Like No One’s Watching

I was feeling pretty good about myself the other morning. For about ninety seconds.

I was journaling, writing down my hopes, intentions, and prayers for the day. “May I see more clearly. May I remember to look around with love. Help me be a better husband, father, friend, and neighbor.”

I wasn’t trying for world’s best, but I was serious. I wanted to follow more nearly. I really did.

Then, my pen wrote something that I hadn’t given it permission to write. “May I do these things without regard for recognition.”

Wait, what? Flirt with sainthood and nobody notices?

I looked at those words, the ink still drying on the page, and I came to the cold, shocking truth. I care a bunch what other people think. In fact, it’s embarrassing to think how often I imagine being admired for doing good things.

Sometimes, I even say it out loud. I’ve heard me say way more than once that I want my wife and daughters to be proud of me. Of course, some things I don’t say out loud because they aren’t quite as acceptable as wanting your family to be proud.

I often imagine what it will be like for my opponents when the scales drop from their eyes, and they see how Christian I am.

As long as I’m being open here, I’ll confess that I’ve even pictured what it will be like at my funeral. I wonder about what folks will say about the impact I’ve made. That’s probably a little too revealing, but it was shocking for me to realize how much the possibility of recognition motivates me.

What if nobody comes to my funeral? What if no one notices? Worse, what if I am not really doing anything note worthy? There’s a lot of people that want to be better husbands, fathers, friends, and neighbors.

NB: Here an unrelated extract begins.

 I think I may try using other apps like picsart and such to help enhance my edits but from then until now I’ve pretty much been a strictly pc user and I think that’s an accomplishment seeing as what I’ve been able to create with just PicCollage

Can I live a quiet life, doing small things, without regard for recognition? I mean, it seems like the Pulitzer folks would have contacted me by now if I was being considered. I don’t even see an appreciation plaque on the horizon.

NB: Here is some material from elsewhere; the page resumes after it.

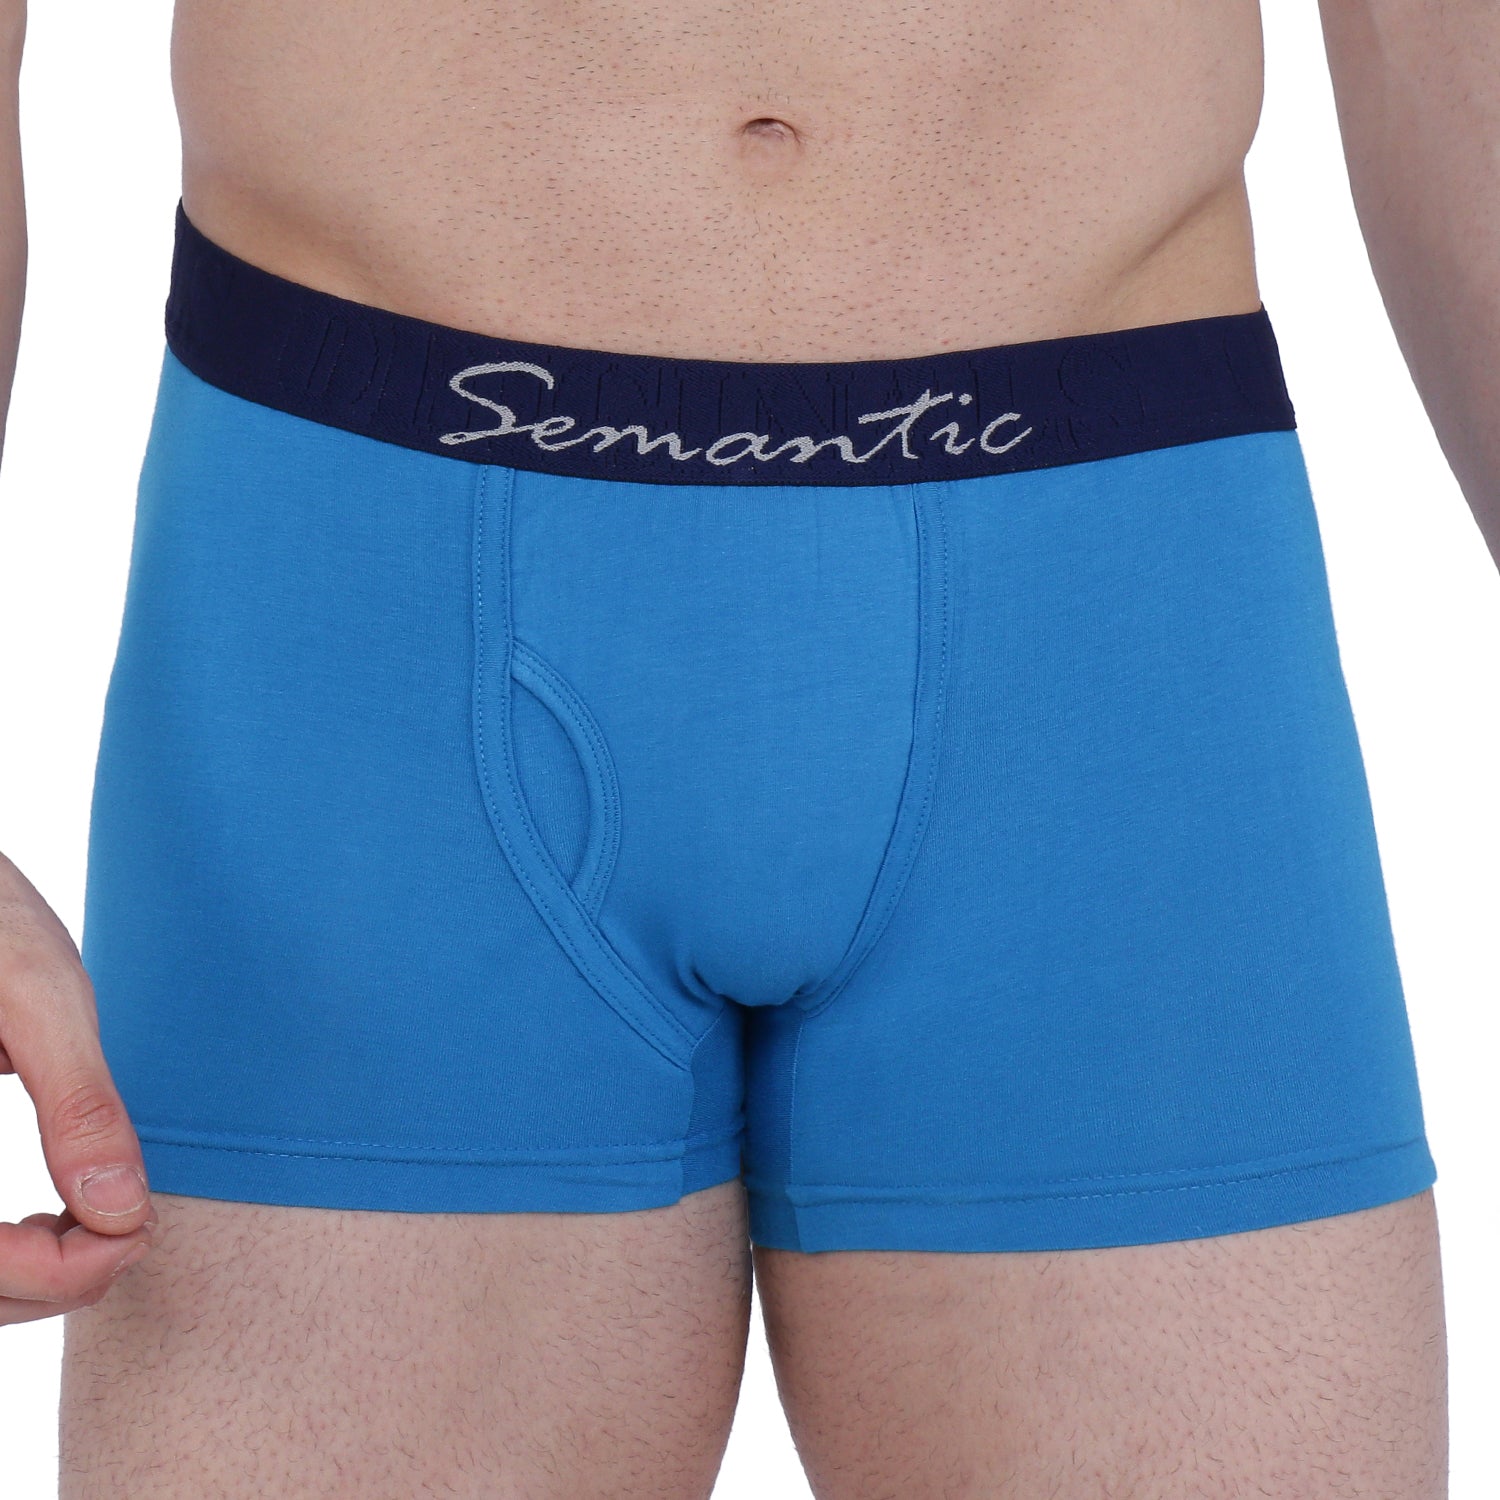 Semantic Cotton-Elastane Trunks with Fly - Solid (Available in Colors)

Again, can I live a quiet life, doing small things, without regard for recognition? Any recognition? I hope so. In fact, I hope so a lot. I think that would be the most freeing thing that’s happened to me in a while.

If I could somehow get there, I would be free to walk a simple path, being and doing me. Unhindered. I could become the me God is creating, not a false me built on vanity and chasing empty recognition.

Sort of like the crow dancing in the wind, not because anyone is watching, but because it can. Like the waterfall that splashes when no one is there. Like the perfect lily that only a bumble bee will see. Like the kids playing soccer, and actually not keeping score. Like the woman praying and smiling in an empty room. Like the folks who love, not because other folks love them, but because they can, because they choose to.

Without regard for recognition.

I don’t care what you think.

Aw, that’s not true. I need a pat on the back now and then. That’s okay. It’s just that there are better reasons than approval to follow more nearly.